(I'm the one next to the old guy)

Friday, August 8, 2025

A couple of observations

 Let’s get the contentious one out of the way first:

Have you ever noticed that, whatever bar or restaurant you sit in, and no matter what country you’re in, there is usually a spirits shelf, right?

I would guess that 95% of those bottles have their label in English. 

Is that an indictment of the colonialist leanings of the English-speaking overlords repressing the locals with alcohol addiction?

Or is it the entrepreneurial locals who know that the dimwitted westerners will make them rich as they get legless on overpriced spirits they think they recognize?


Now here’s the second one:

This is an observation from a lifetime of waiting for the better half to queue for the bathroom in a public space.

So, after years of study, my informed conclusion is that the only valid reason for gender reassignment surgery is public bathrooms. 

There is always a queue at the women’s. There is never a queue at the men’s. It’s that simple. 


Missed concert starts, dinners out, bus tours. Any time you rely on access to a public bathroom, prepare for the time you spend in that queue to be the hilight of your outing. 


The only place I ever saw that issue addressed from a design perspective, was the pre-earthquake Christchurch Convention Centre. 

In their foyer, there was the entrance to the gents on the left, and ladies on the right. Other than a group of urinals on the boy’s end, the entire width of the building between these two doors, is a row of cubicles. Common sense from a plumbing perspective. A narrow strip running practically the full width. Nothing particularly radical there. 

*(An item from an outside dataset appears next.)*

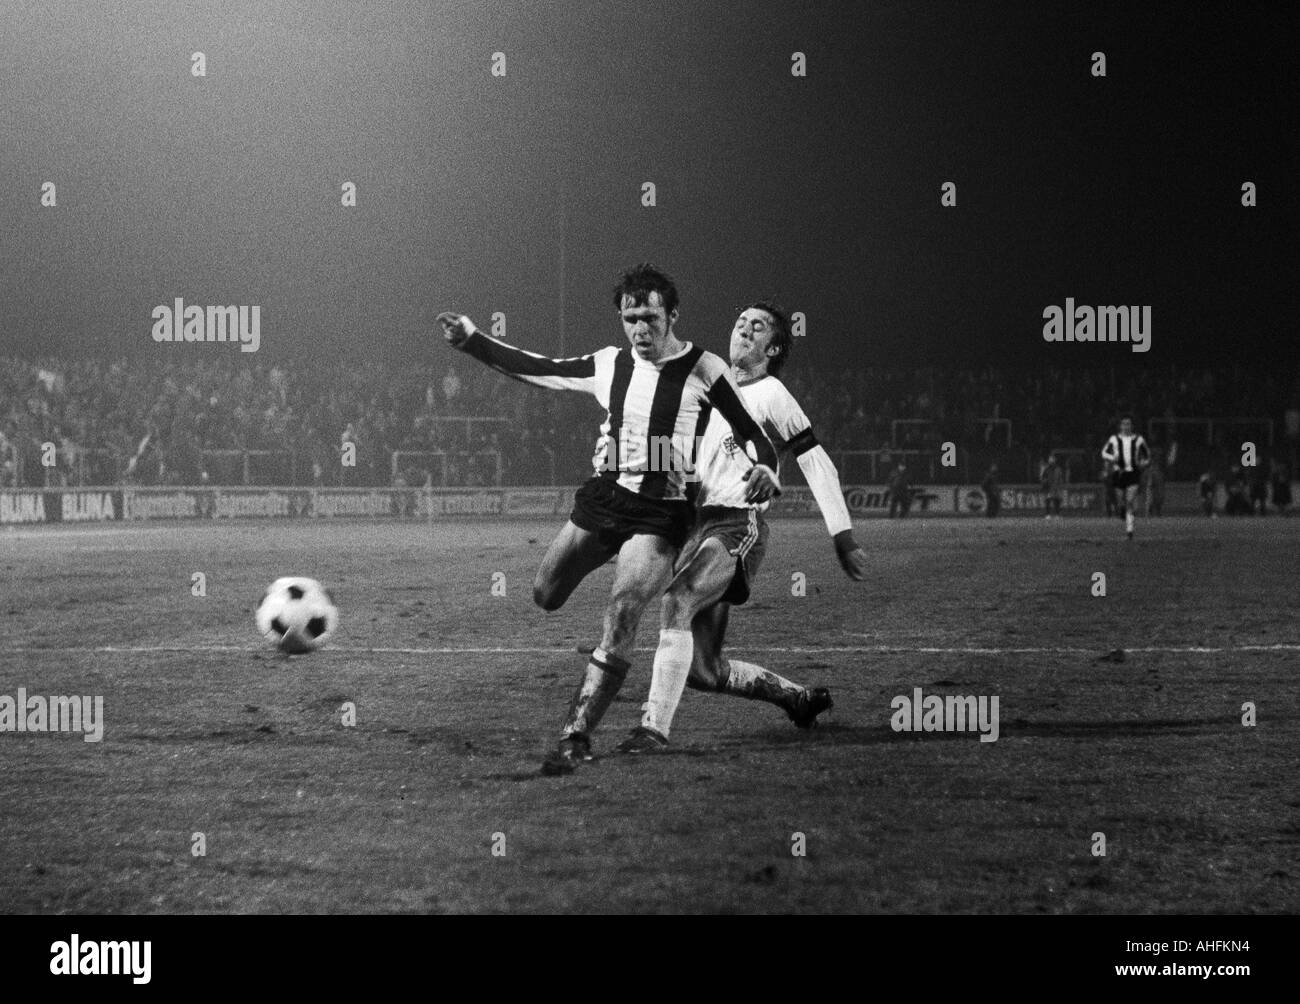 football, Bundesliga, 1971/1972, Rot-Weiss Oberhausen versus 1. FC Kaiserslautern 2:5, Niederrhein Stadium in Oberhausen, scene of the match, duel between Wolfgang Seel (FCK) left and Werner Ohm (RWO) - Stock Image

The clever bit was that the wall between his and hers was movable. It can slide left or right. So let’s say there are 12 cubicles in the row. For some events, there could be 6 cubicles each. For the next, there may be 2 for men and 10 for women. At a bloke-centric event, it could be 3 for her and 9 for him. Genius simplicity. 

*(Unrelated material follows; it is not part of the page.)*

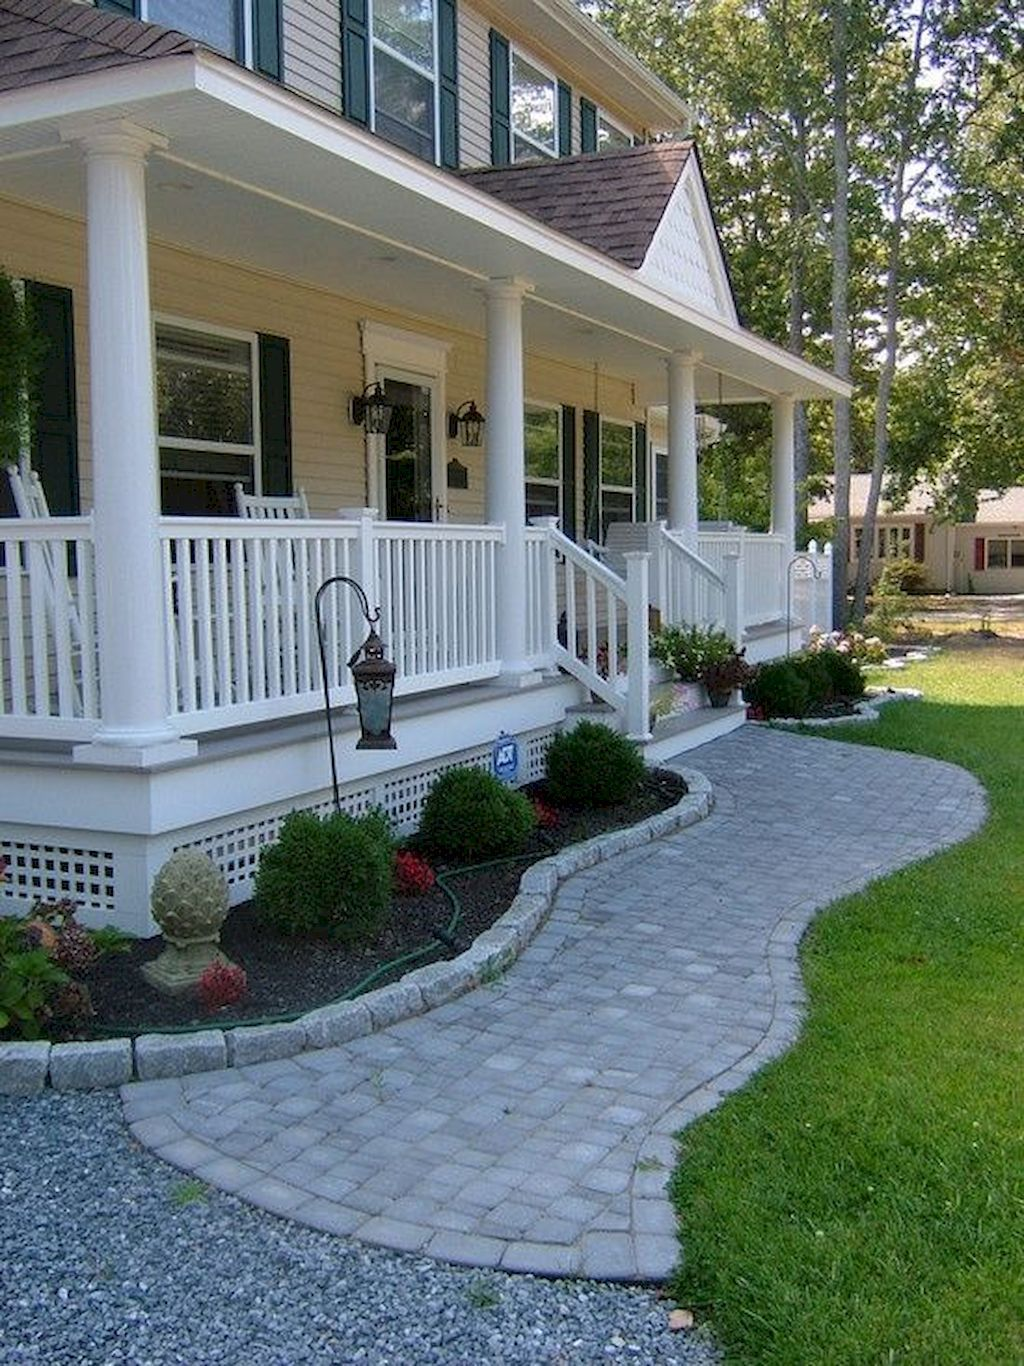 03 Gorgeous Front Yard Garden Landscaping Ideas Farmhouse

But that building is no more, and I have not seen that solution anywhere else. 


So come on over ladies. Have the operation so that you can stand and pee, just like the rest of us. 

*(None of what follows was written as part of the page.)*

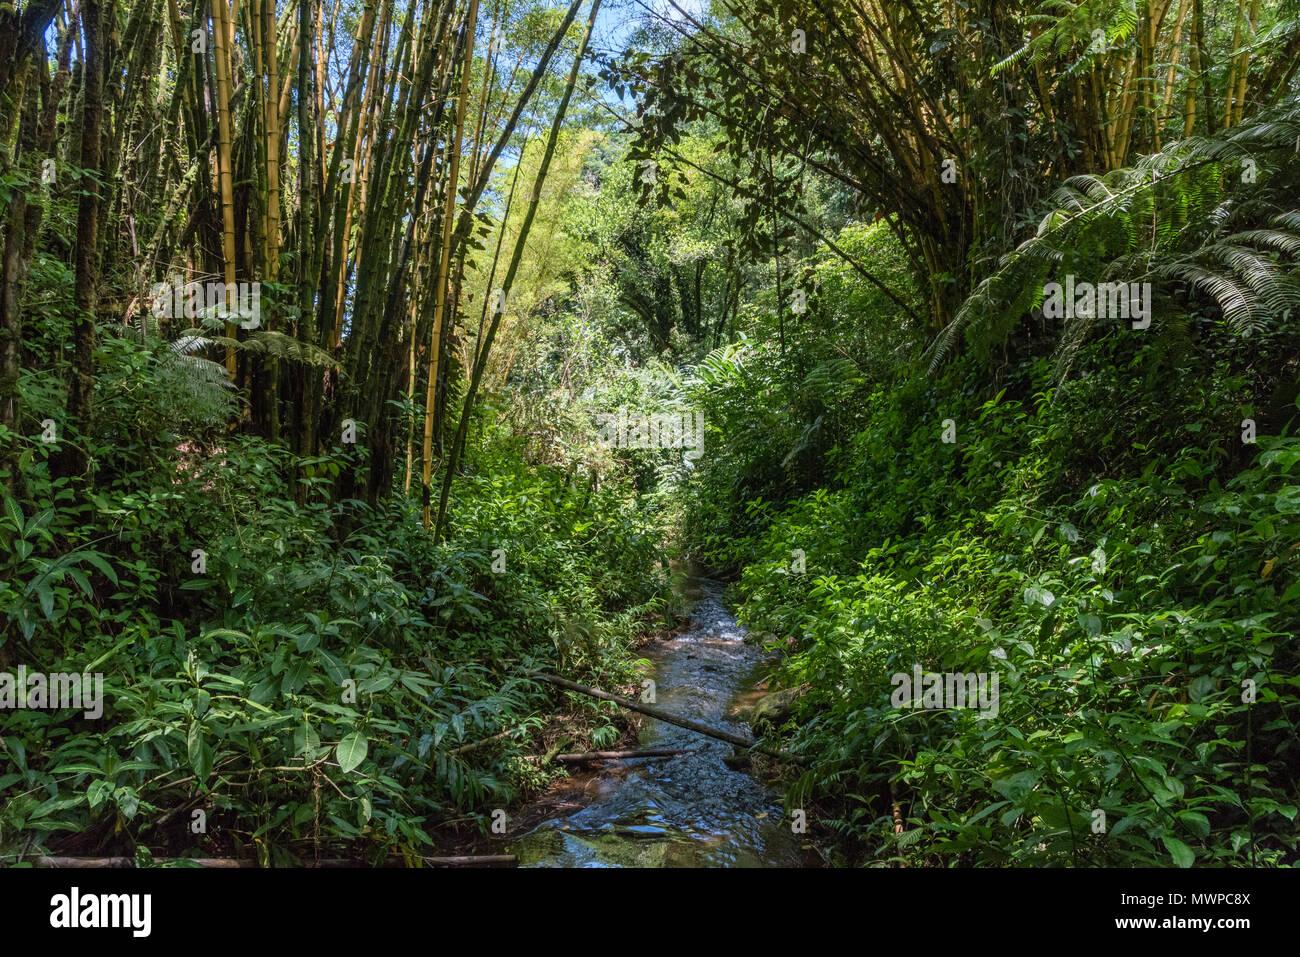 Rainforest On The Big Island: Tree Shade Rainforest Stock Photos & Tree Shade Rainforest

In and out, tute de suite. The process is not pretty, but it is functionally expedient. Gives new meaning to ‘standing room only’. 



…just one more thing…

The dad from Barbados was wearing a New Zealand souvenir t-shirt. He told me that he had looked at Portugal t-shirts, but the quality wasn’t there. 

Conclusion?

The Chinese-made New Zealand souvenir t-shirts come from a better quality factory than the Chinese-made Portugal souvenir t-shirts.